Collected data:
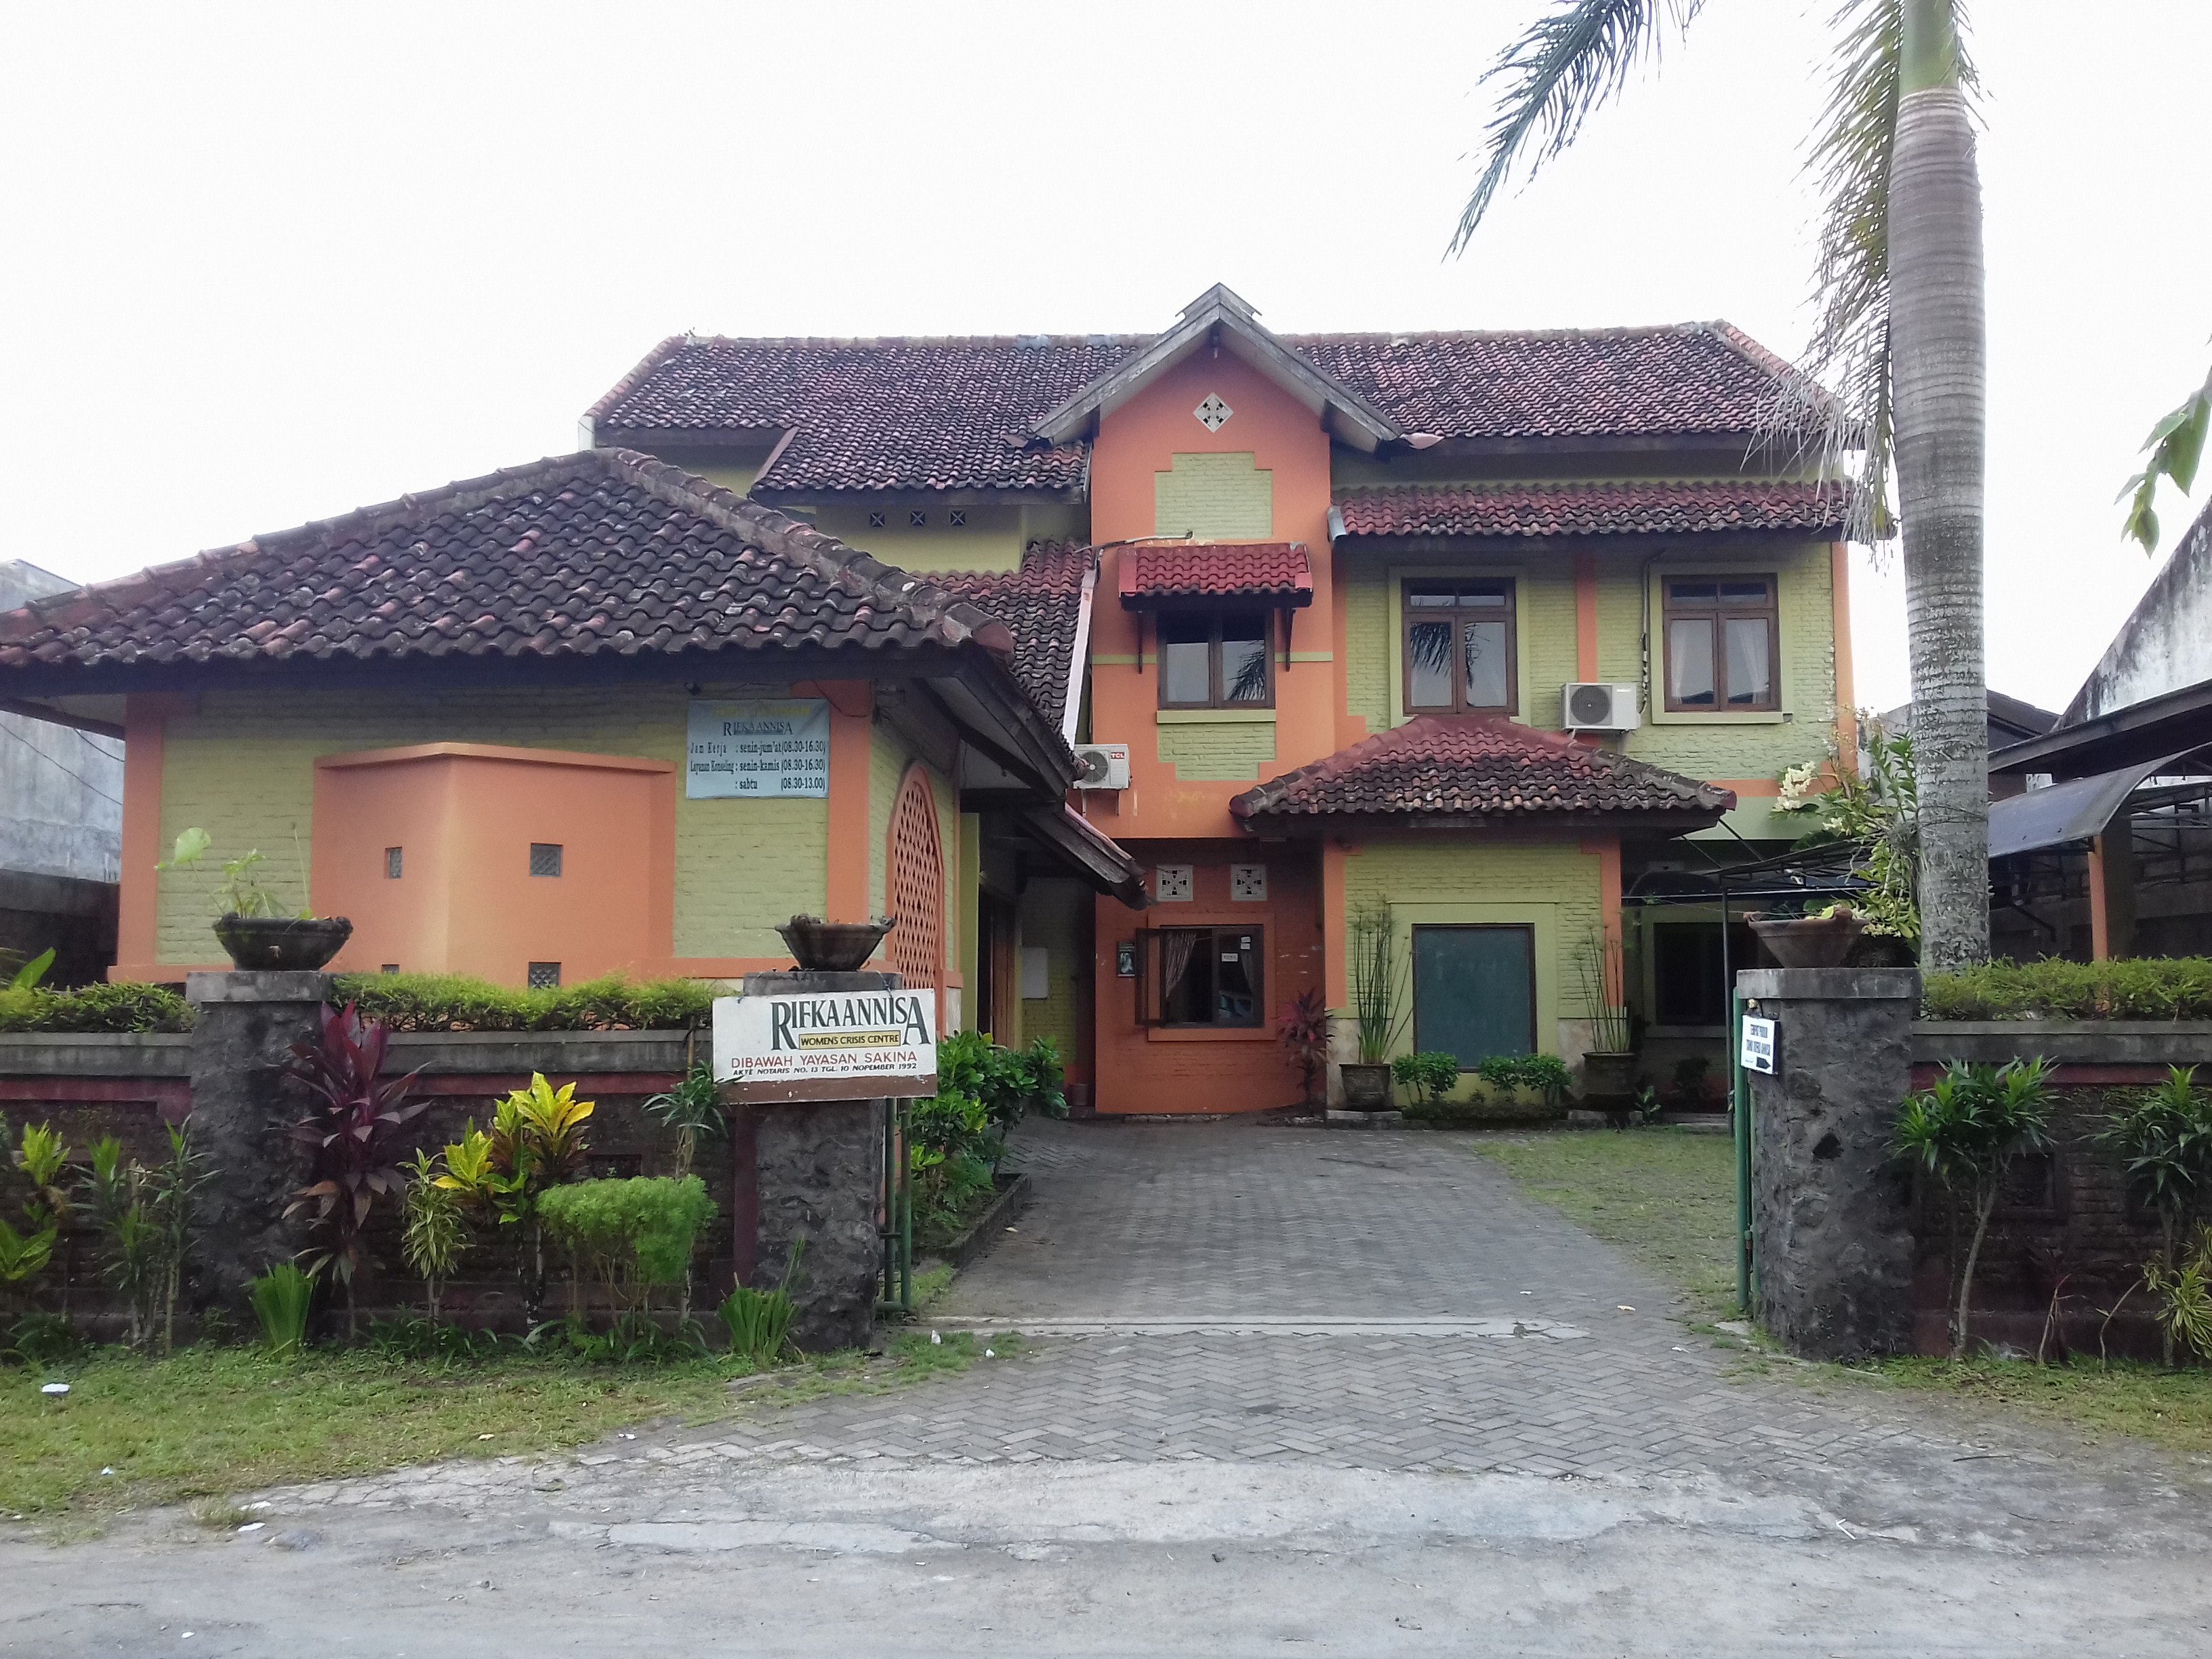 Kantor pusat Rifka Annisa WCC yang terletak di Jl. Jambon 4 No. 69A, Kricak, Tegalrejo. Kantor yang berbentuk rumah ini bertujuan untuk menimbulkan kenyamanan baik bagi karyawan maupun klien.
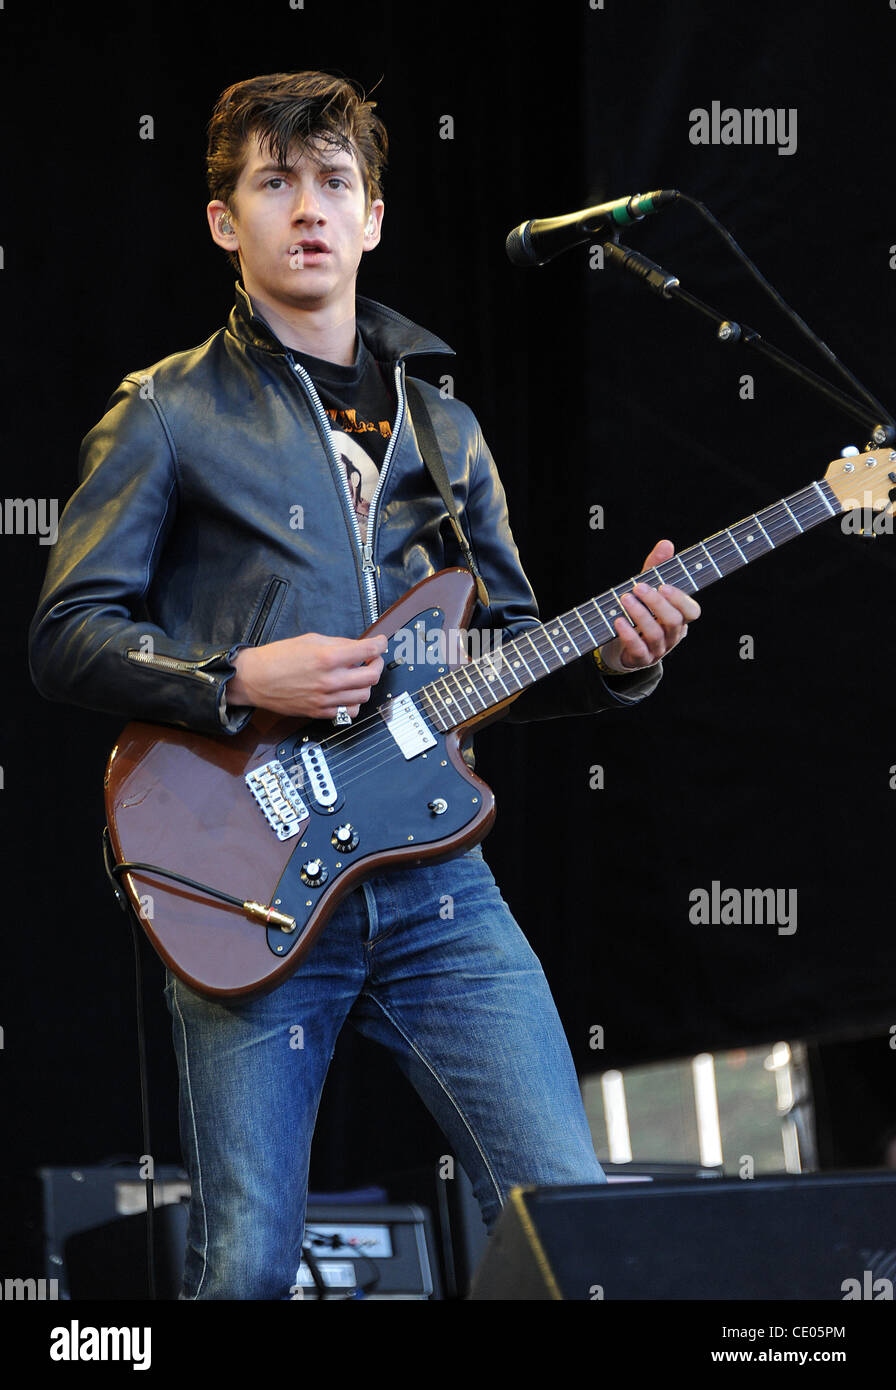 Agosto 13, 2011 - San Francisco, California, EE.UU. - cantante /  guitarrista Alex Turner de Arctic Monkeys la banda realiza en vivo como  parte del Festival de Música de 2011 fuera de
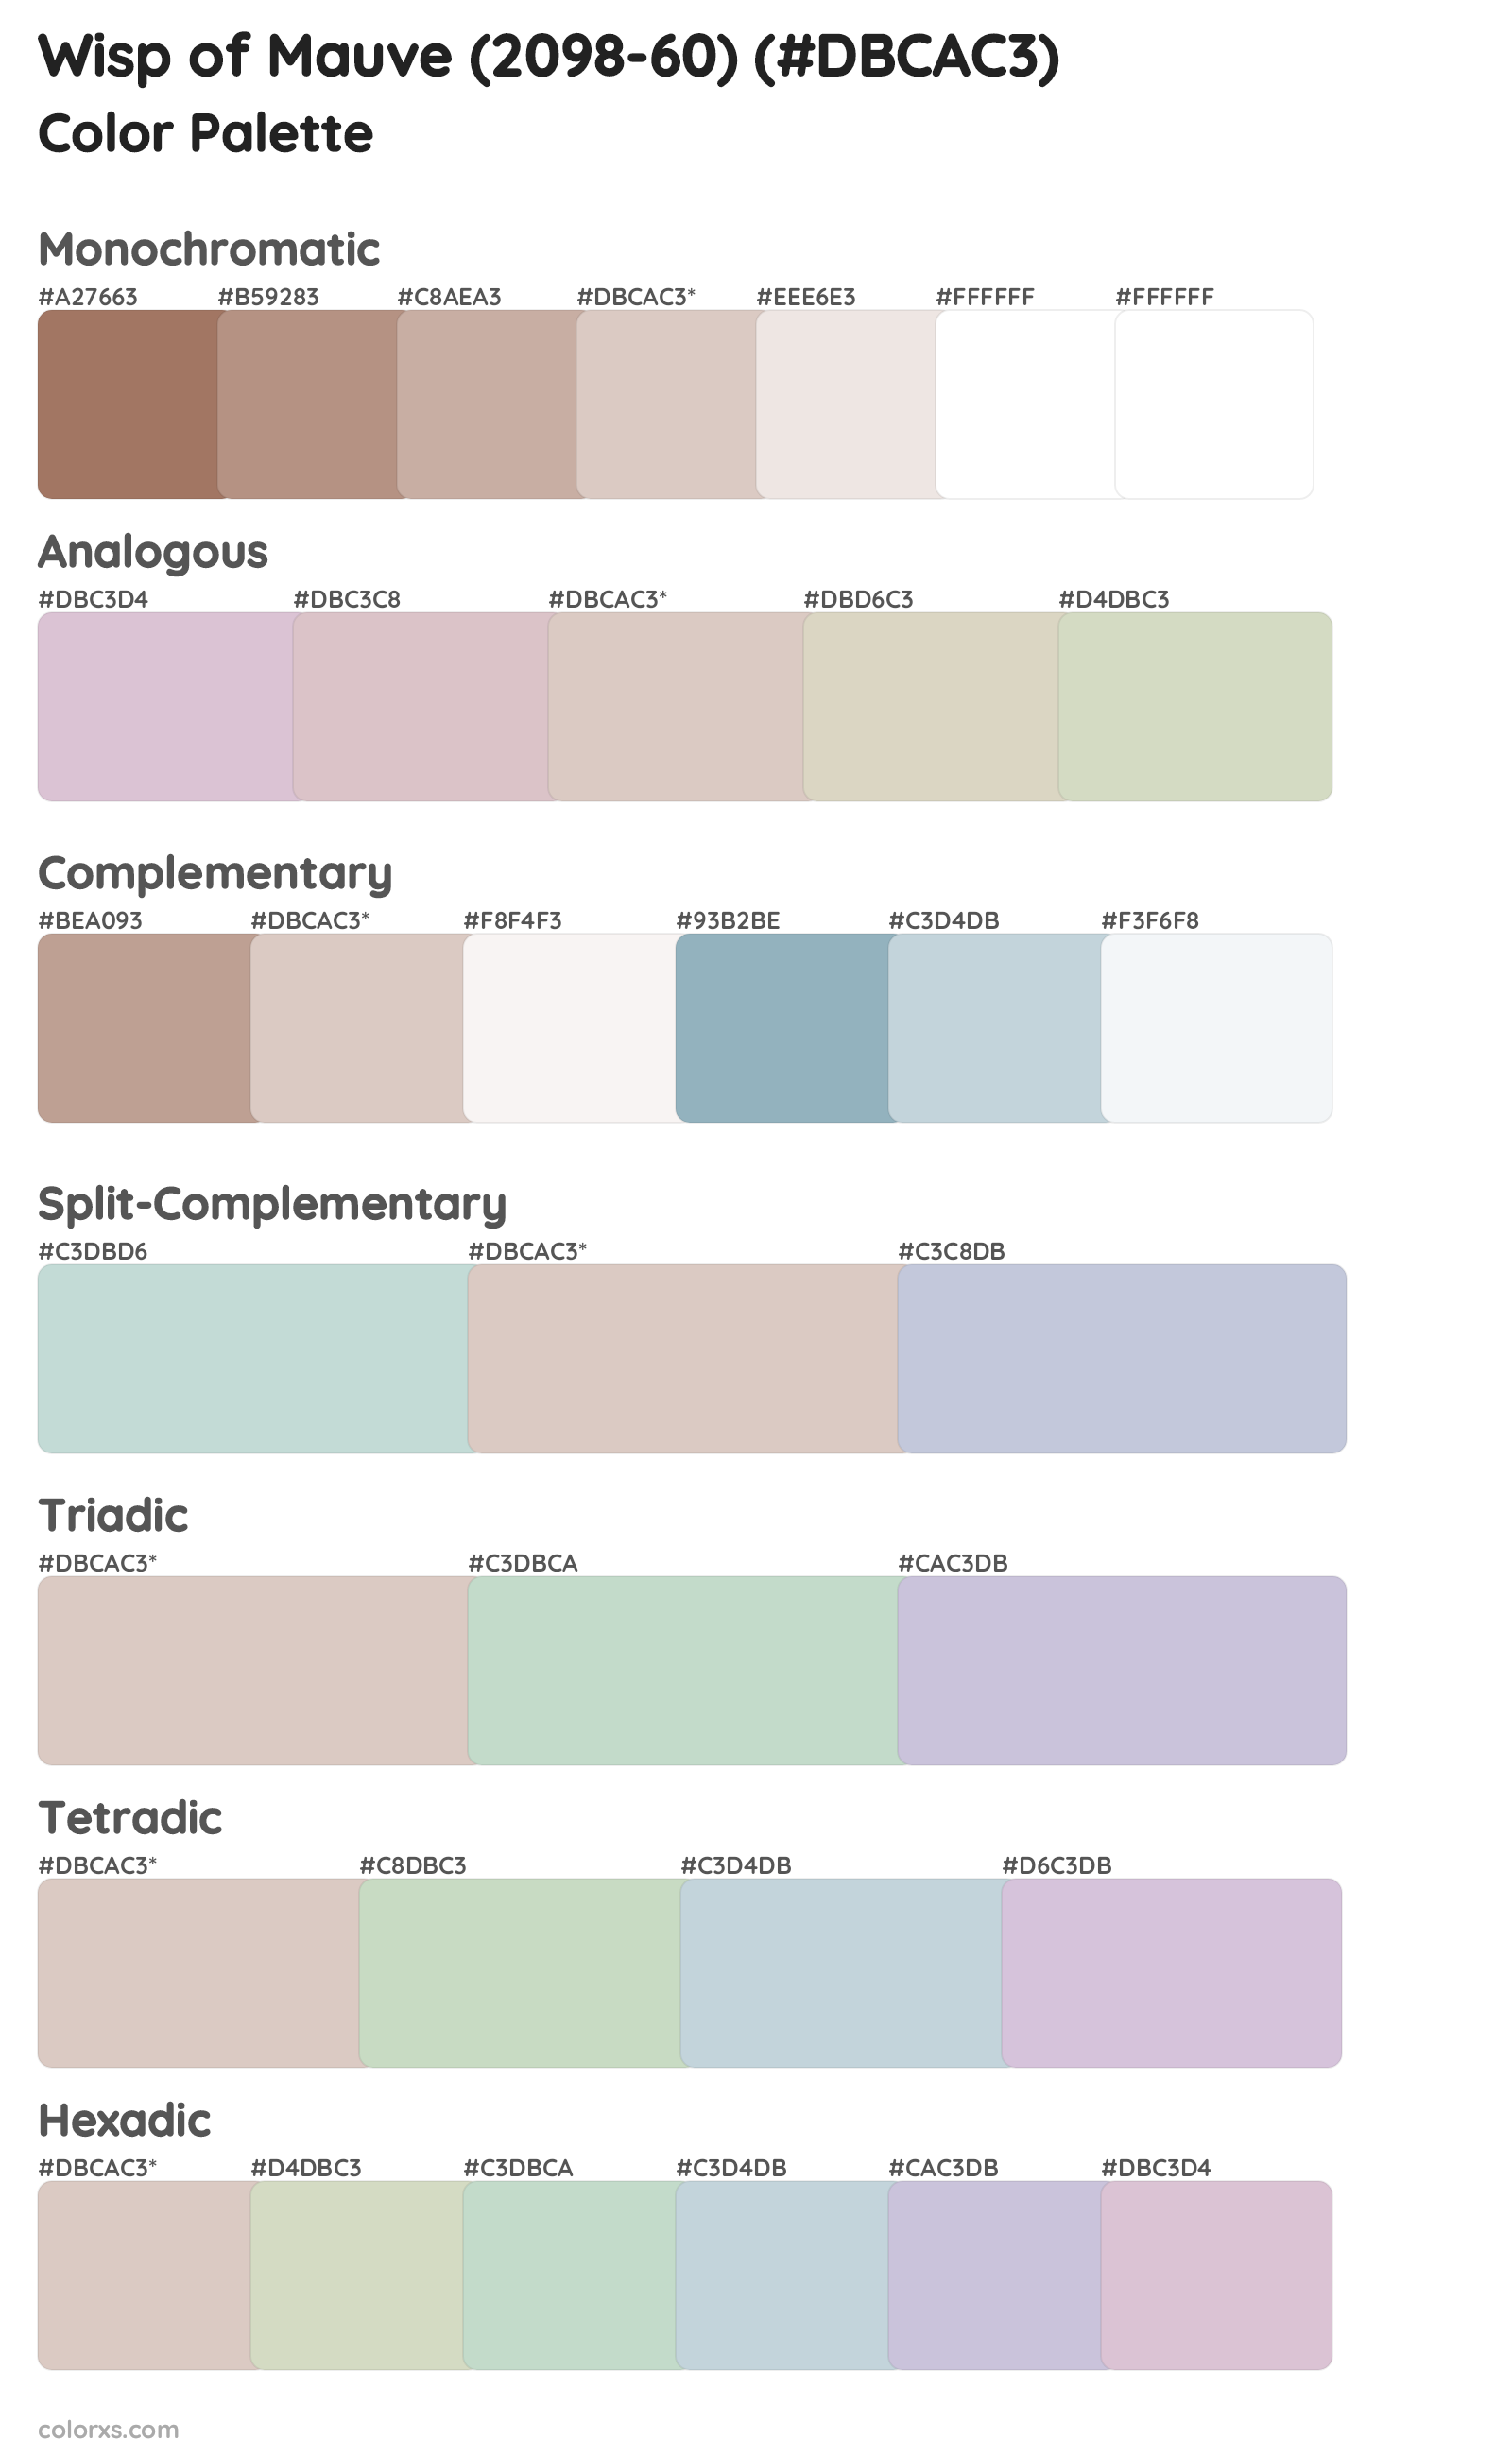 Wisp of Mauve (2098-60) Color Scheme Palettes
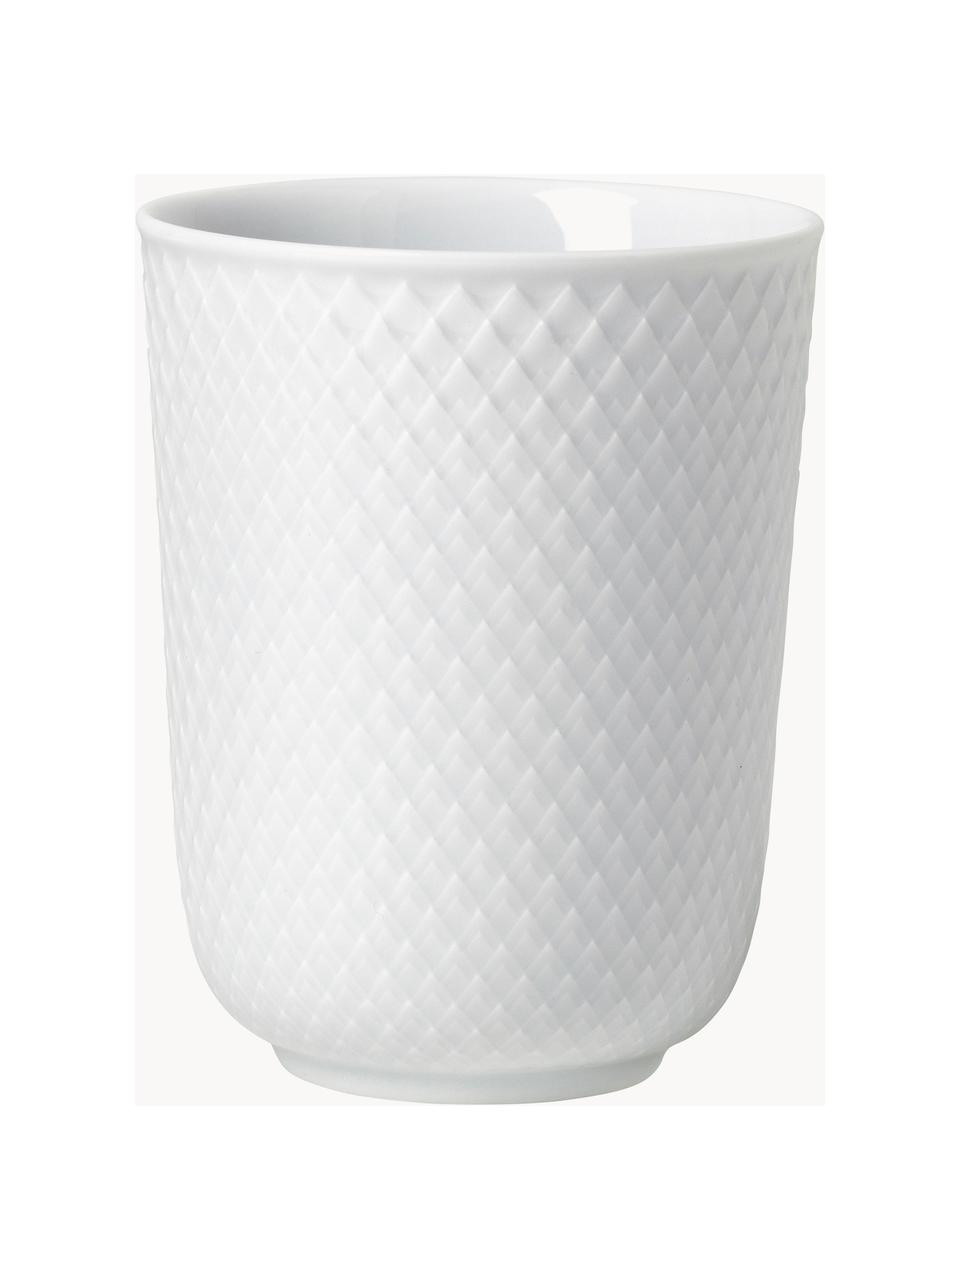 Porzellan-Becher Rhombe mit Struktur-Muster, 4 Stück, Porzellan, Weiss, Ø 9 x H 11 cm, 330 ml

How to complete this task: Strip out the pictures and reproduce the remaining material above exactly.

Response area:
 Kantor pusat Rifka Annisa WCC yang terletak di Jl. Jambon 4 No. 69A, Kricak, Tegalrejo. Kantor yang berbentuk rumah ini bertujuan untuk menimbulkan kenyamanan baik bagi karyawan maupun klien.
 Agosto 13, 2011 - San Francisco, California, EE.UU. - cantante /  guitarrista Alex Turner de Arctic Monkeys la banda realiza en vivo como  parte del Festival de Música de 2011 fuera de
 Wisp of Mauve (2098-60) Color Scheme Palettes
 Porzellan-Becher Rhombe mit Struktur-Muster, 4 Stück, Porzellan, Weiss, Ø 9 x H 11 cm, 330 ml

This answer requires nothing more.